Reid’s smear is bad. But, it bothers me less than the big lies that continue to be floated by conservatives in their assault on President Obama. It is a strange thing that a big lie is often unquestioned, while it is the little lies that get candidates into trouble. But, for the long-term health of democracy, big lies are more dangerous because they create a narrative that is accepted by a significant share of the electorate and that narrative shapes politics for a long time. A little lie can doom a particular candidate. A big lie can keep the country hamstrung for years.

The big lie I have in mind this morning came in Charles Krauthammer’s column. Krauthammer is a careful thinker and a careful writer, so he knows better than to pen this sentence: “The stewardship case [against Obama] is pretty straightforward: the worst recovery in U.S. history, 42 consecutive months of 8-plus percent unemployment, declining economic growth – all achieved at a price of an additional $5 trillion in accumulated debt.” There are both big and little lies in this sentence to be unpacked.

“The worst recovery in U.S. history.” Krauthammer needs to check his encyclopedia under D, for Depression. The Depression lasted more than 10 years, its effects ameliorated in part by the New Deal, but the sluggish economy only rebounding when the government went into overdrive spending during World War II. And, make no mistake about it, the 2008 economic meltdown was more like the stock market collapse of 1929 than it was like, say, the economic recession of the late 70s and early 80s, or the recession of 1991-92. Those were hiccups compared to what happened in 2008 when the economy was dangerously close to falling off the cliff and even the efforts to save it could not repair quickly the damage to millions of retirement accounts, bankrupt companies, or foreclosed homes. Krauthammer is smart enough to know this.

“42 consecutive months of 8-plus percent unemployment.” Lies, damned lies, and statistics. It is true that the unemployment rate has been above 8 percent for 42 months. It is also true that the economy was losing hundreds of thousands of jobs, actually losing jobs, not simply failing to create new ones, when Obama took office. The much maligned Stimulus (which Krauthammer maligns anew in this piece) helped to stop the bleeding, but it was not big enough to reverse the trend. I agree with Krauthammer’s criticism, by the way, that Obama’s invocation of the Hoover Dam and the Interstate Highway System as justification for his political worldview shows some of the poverty of our Wonk-in-Chief’s political acumen: No one can name a project like the Hoover Dam or the Interstate Highway System that was funded by the Stimulus. The Stimulus helped economically but it was so conceived that it did not help politically. But, Krauthammer also knows that there has been sustained private sector job growth the past three years and that one of the reasons the unemployment numbers have been so anemic is that the failure to renew key provisions of the Stimulus, like aid to state and local governments, has resulted in steep declines in public sector employment.

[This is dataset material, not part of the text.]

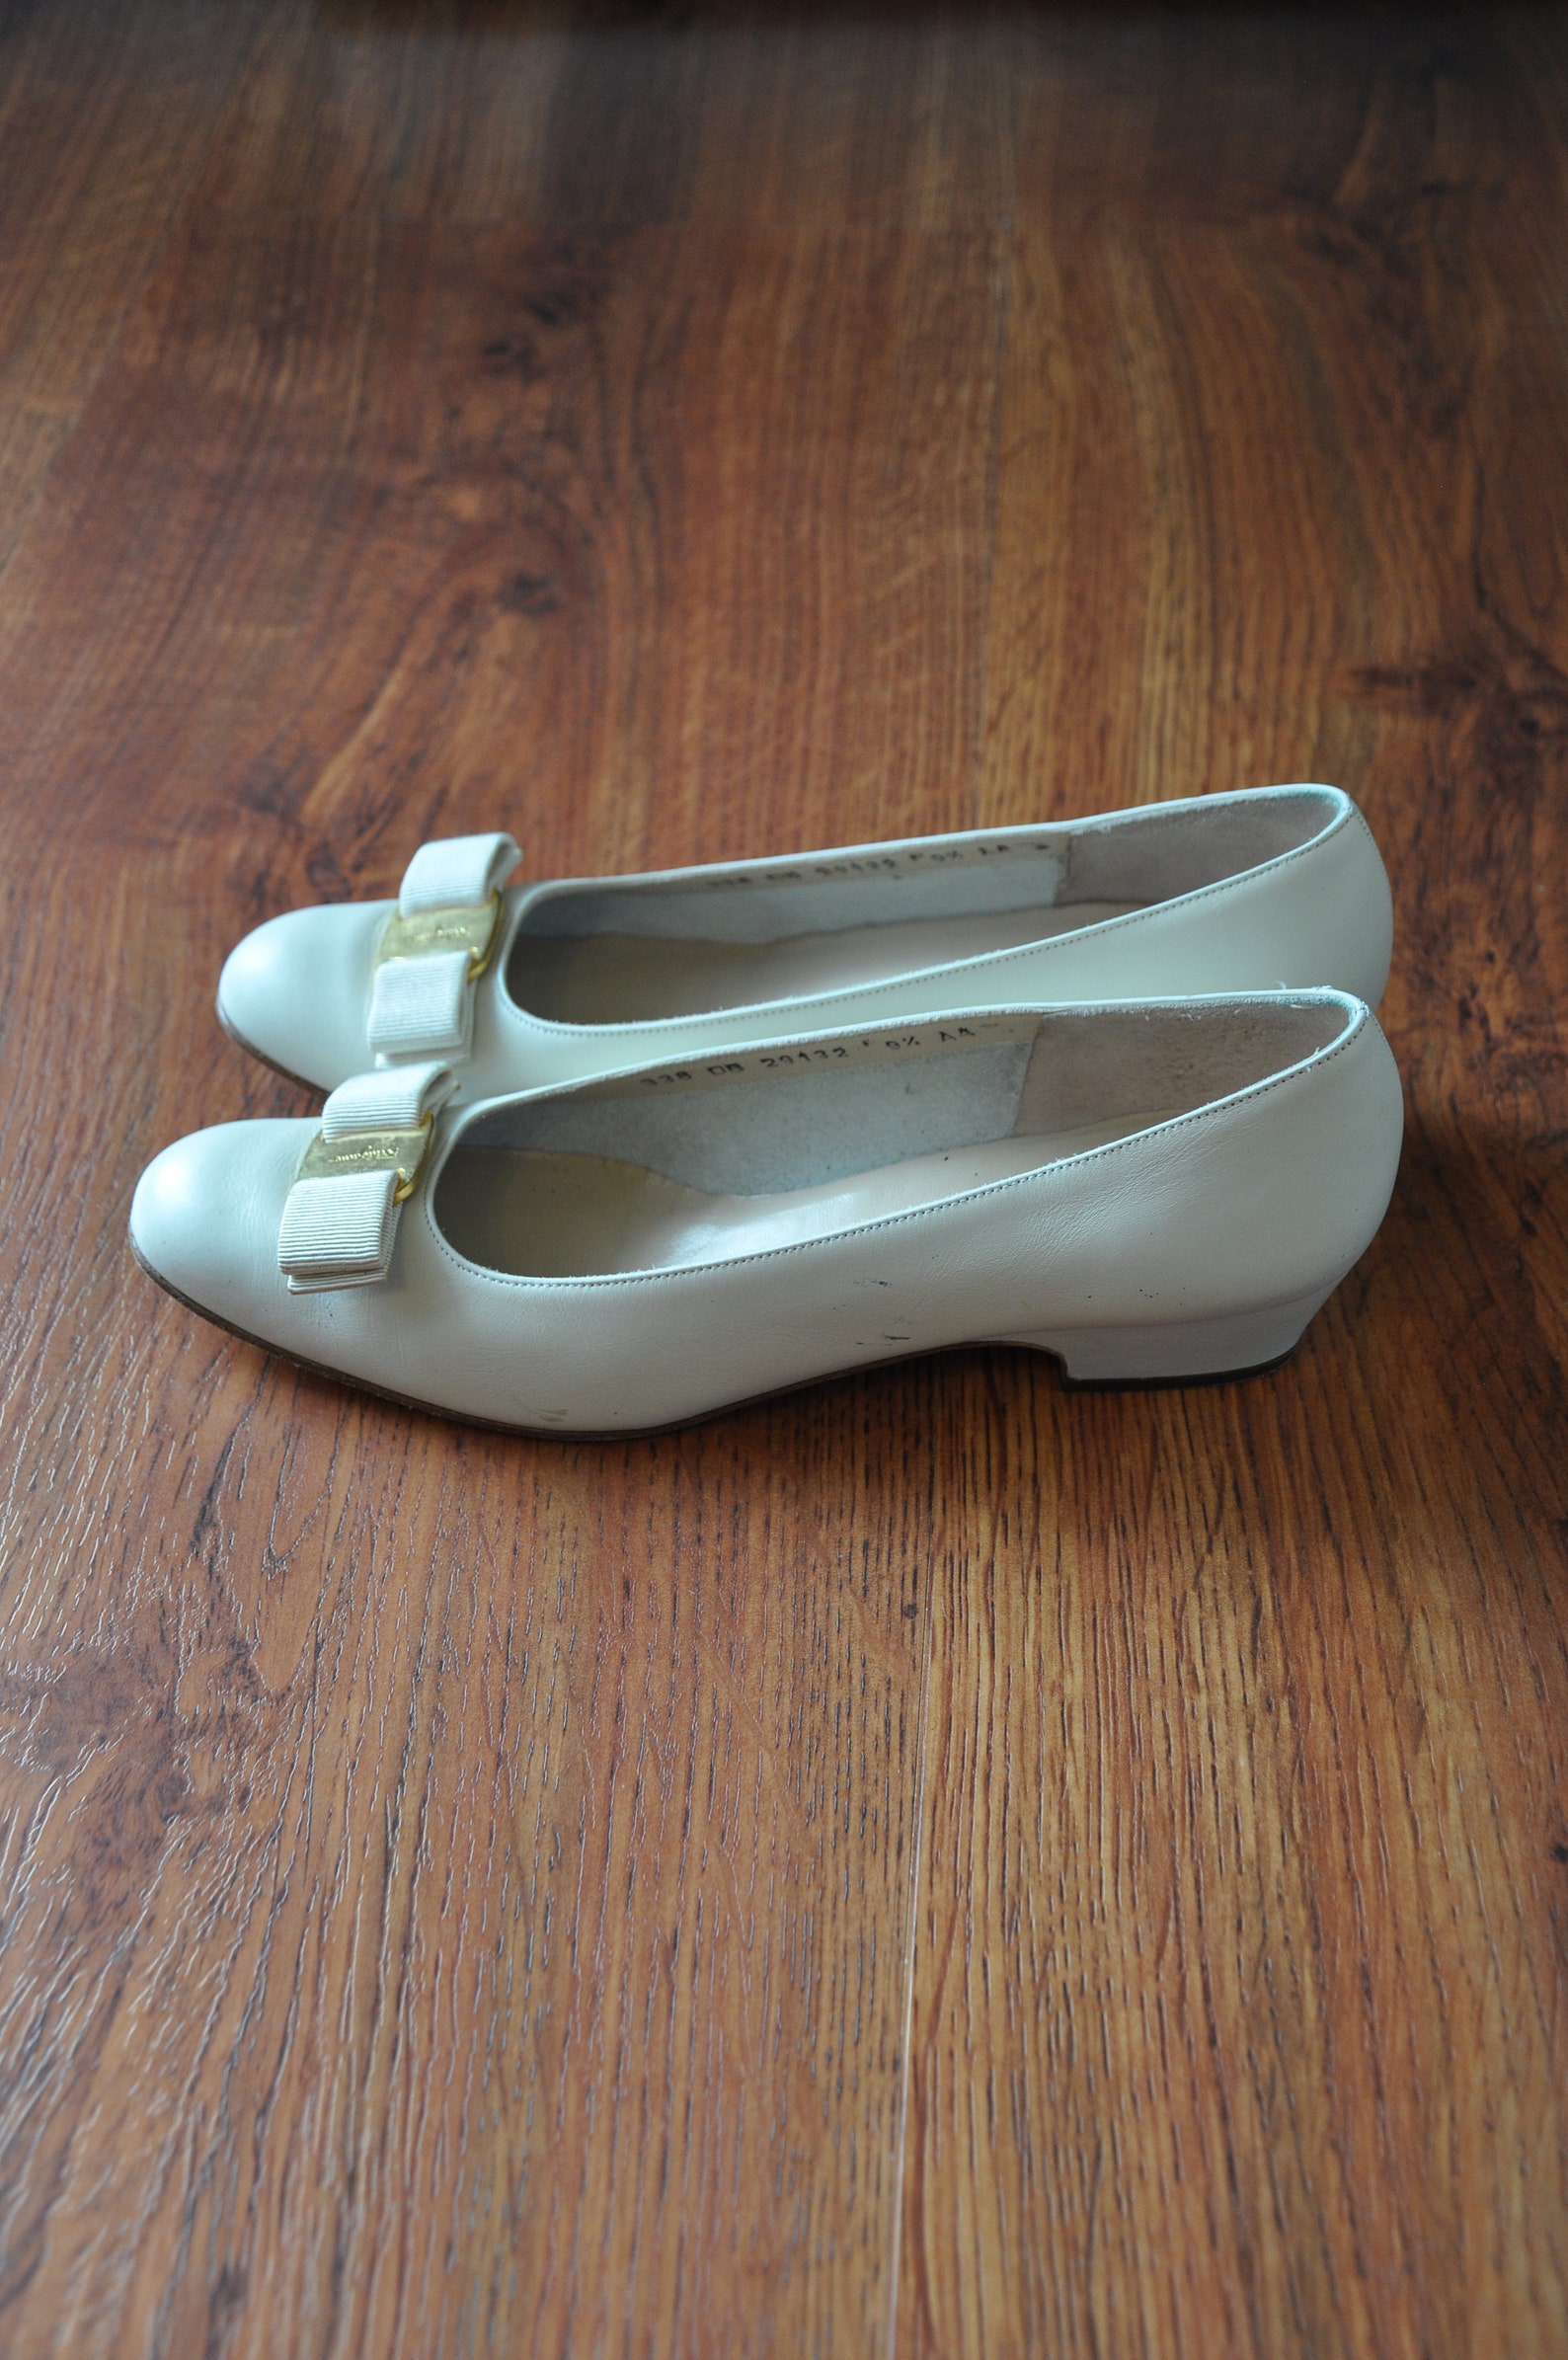 ferragamo vara pumps / ivory leather ballet shoes / classic bow slip on flats 9

“Declining economic growth.” Hmmm. Actually, the economy is growing. When Obama took office it was actually declining. Indeed, no one in the first weeks of Obama’s term understood just how much the economy had contracted in the final quarter of 2008, one reason the Stimulus was not big enough. The rate of growth ticks up one quarter and down the next. Certainly, it would be great to see more robust growth. But, again, this recovery is not like previous ones because it was preceded not by a mild recession but by an economic collapse. People who lost half their savings felt burned and once burned, twice shy. The American consumer, who had lived high on the hog with more debt than savings, is now saving again. That fact of increased savings could provide long-term health to the economy, but not short-term help.

So, my friends, pick your poisons. There are low blows. There are big lies. There are smears. It takes a bit of work to sort through it all but sort we must. And, shame on both Reid and Krauthammer, both of whom are smart enough to know better.